# CAR ALMOST STALLS



## s13drift (Sep 22, 2005)

when im driving and then i come to a stop or just put the clutch in my rmp's will drop down to 400-500 and my dash lights will dim down. if i brake really hard then it sometimes stalls. any ideas? one friend says it might be fuel injectors


----------



## wish (Oct 20, 2005)

s13drift said:


> when im driving and then i come to a stop or just put the clutch in my rmp's will drop down to 400-500 and my dash lights will dim down. if i brake really hard then it sometimes stalls. any ideas? one friend says it might be fuel injectors


 my 93 240 se has been doing this off and on for ~2 years now.
lately it just stalls completely when i let off the gas. if yours gets to that point, just engine brake and downshift to second gear and let your rpms down slow. 
i changed my fuel filter the other day and my rpms still drop pretty fast, but it hasn't completely stalled yet. so if you haven't changed yours in a while, it may just be starving for gas. good luck.


----------



## rogoman (Dec 16, 2004)

s13drift said:


> when im driving and then i come to a stop or just put the clutch in my rmp's will drop down to 400-500 and my dash lights will dim down. if i brake really hard then it sometimes stalls.


Several things to check:

1 - Check your idle speed; adjust if necessary. If you can't adjust it to spec, then the IAA valve may be dirty; disassemble to clean. 
2 - Fuel injectors may be dirty; run some good injection cleaner through the system like Techron or Redline SL-1.
3 - Spark plugs may be dirty.
4 - Check fuel pressure.
5 - Check the O2 sensor.


----------



## hslabbert (Oct 25, 2005)

*** Lifted from www.240sx.org ***
"The IAA valve assembly is located on the passenger side of the motor down
below and behind the intake manifold. It's about 8" from the firewall. 
According to the Nissan shop manual, to adjust the IAA valve, disconnect
the throttle sensor harness connector with the motor shut off. Now with the
engine idling in neutral, adjust the IAA for an idle speed of 650 RPM. With
the motor shut off, reconnect the harness connector. Now with the motor
idling, you should have an idle speed of 700 RPM. If you can't get the
proper idle speed, the AAC valve may be defective as It's the one that
receives signals from the ECU. The AAC bolts on to the IAA."

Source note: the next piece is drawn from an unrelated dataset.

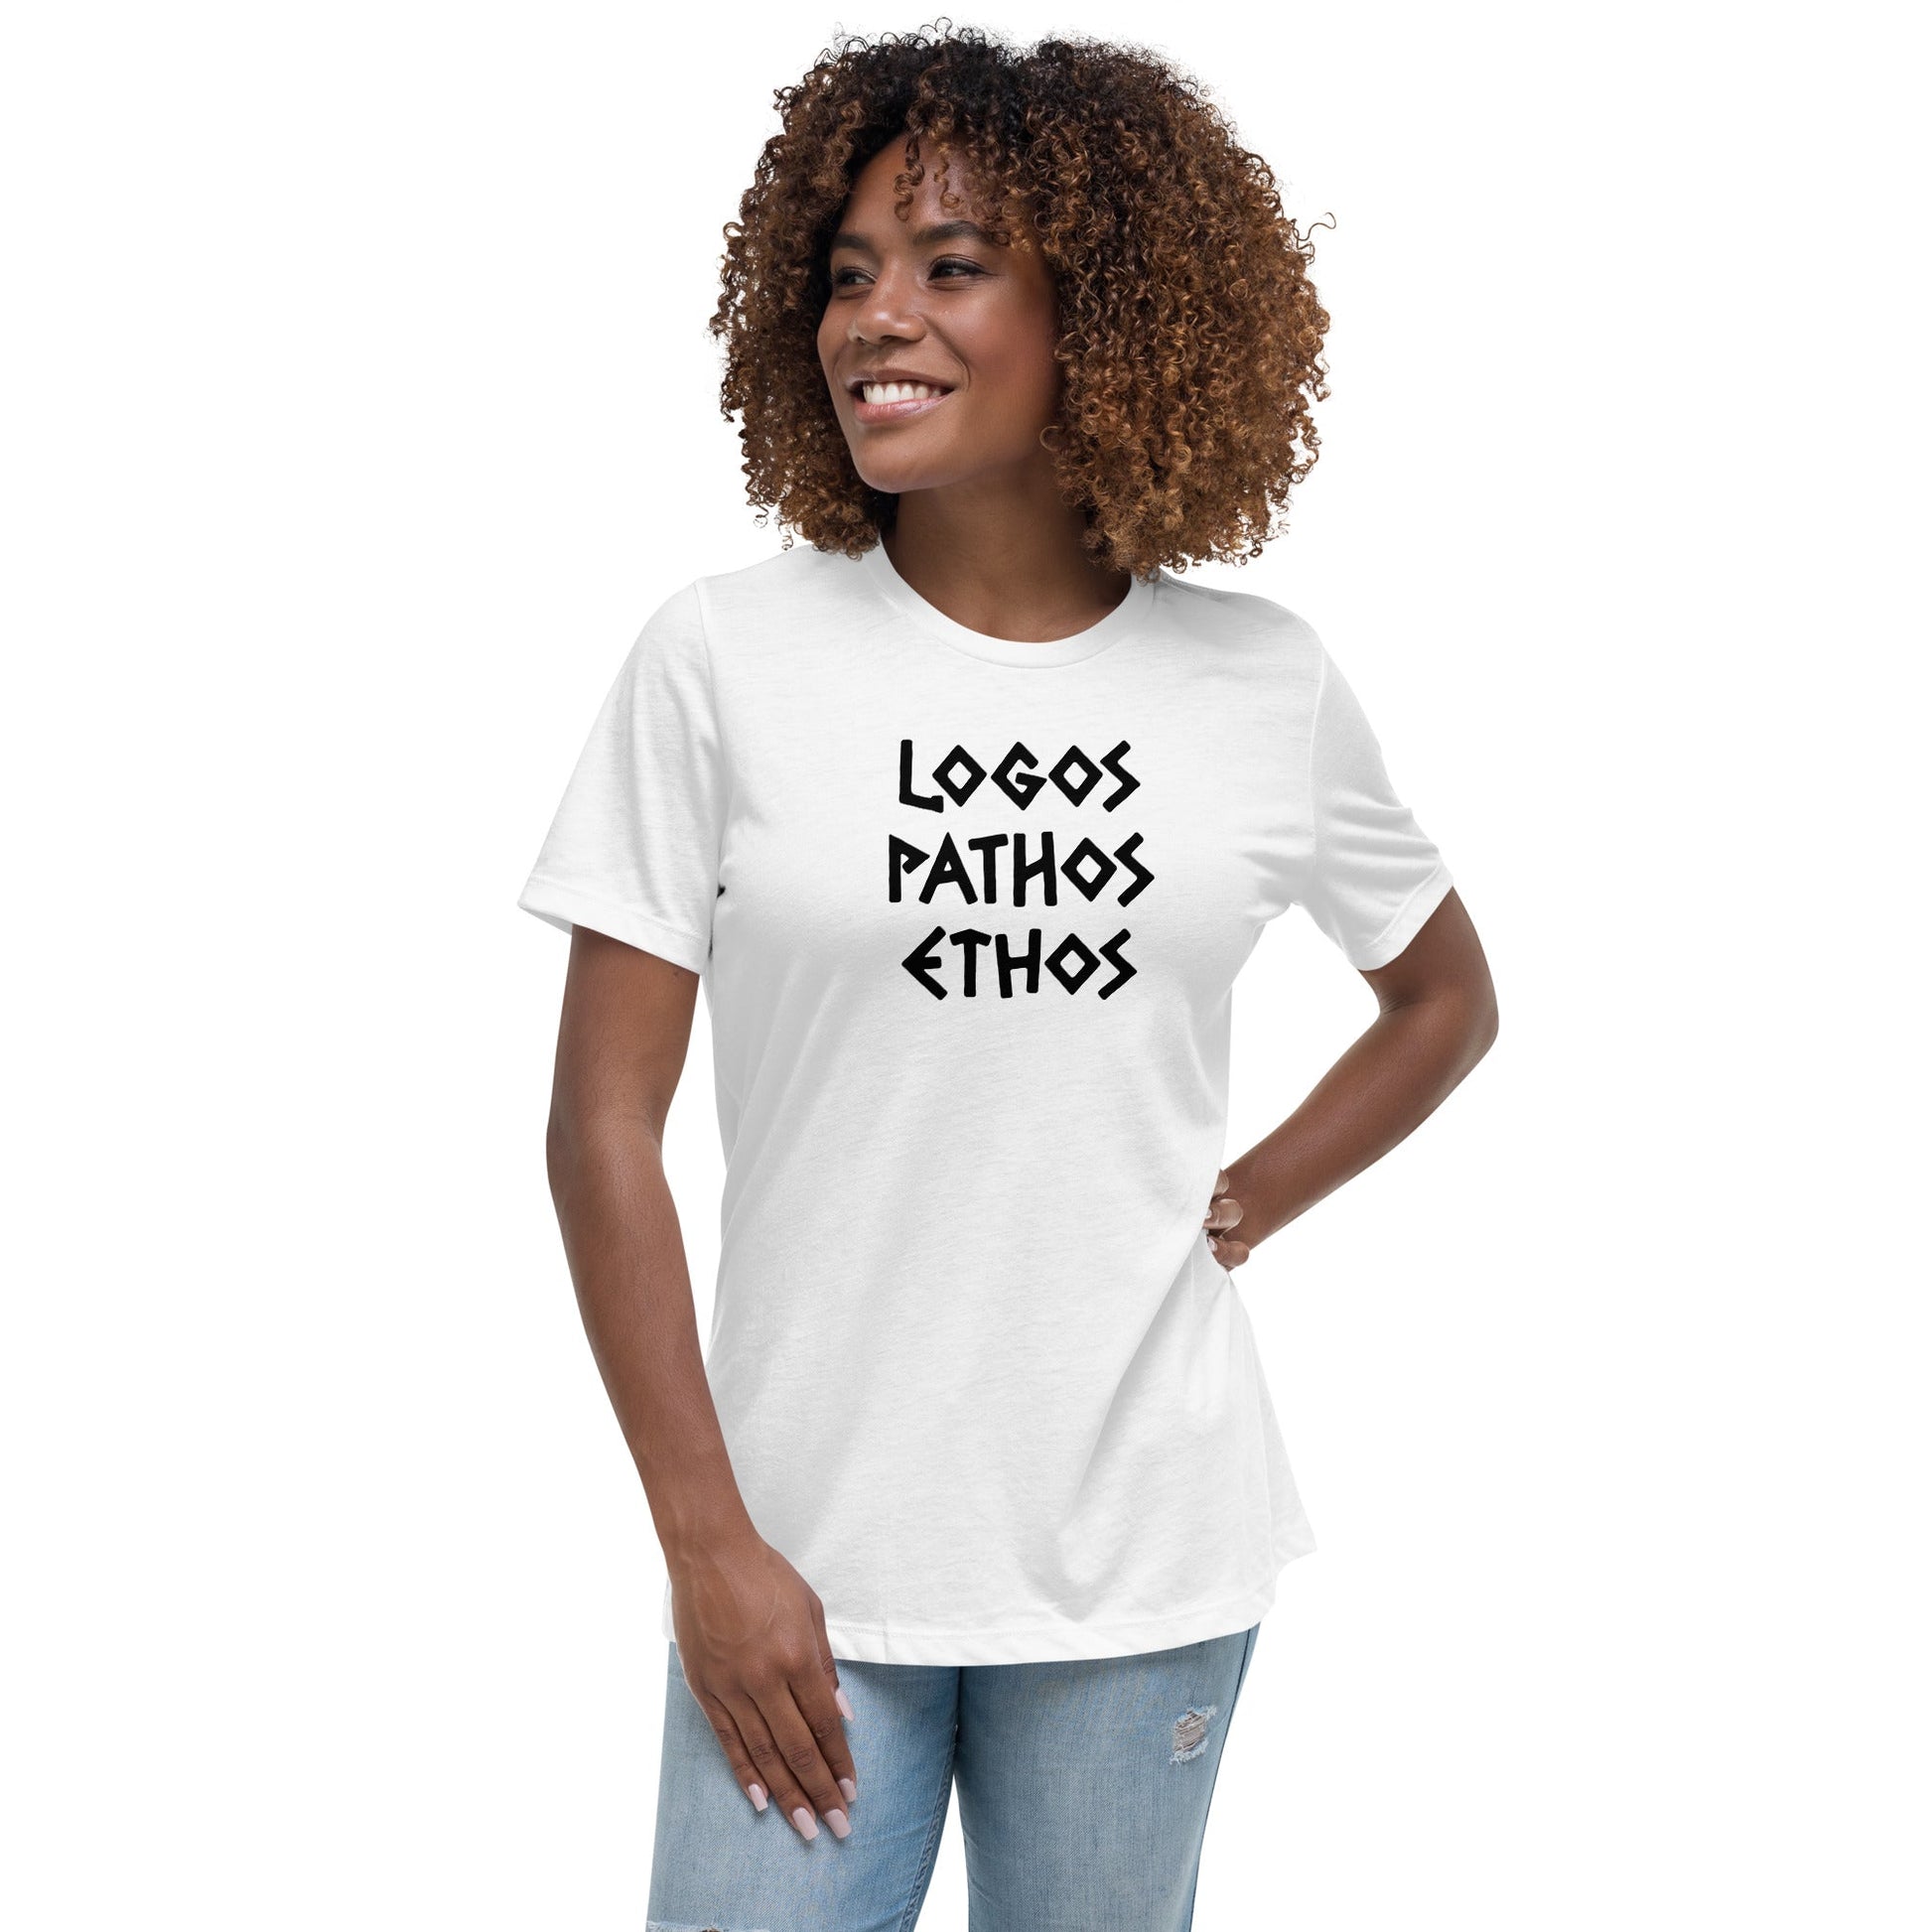 Logos Pathos Ethos - Women's T-Shirt

Again, not my info and I haven't tried it, but if it's the IAA, this might be useful.


----------



## Immolator (Aug 30, 2005)

*Just needs a tune up*

I had this happen on my car about three time in the last 14 years that I've owned it. (1991 240sx and it still runs strong.) The solution I found was just an ignition tune up. Change the rotor and cap. This is a must. If you haven't done so in the last 25 to 30 thousand miles you'll see what I mean when you do. The rotor is usually burned all the way down. Also change the plugs and wires. This will do the trick. A little hint if you've never changed the plugs. Use a straw to remove and install the plugs down between the cams. Just slide the staw over the top of the plug and thread it in until the staw give from the torque and finish it up with a socket wrench. This also helps to avoid cross threading since you get a better feel of the plug.


----------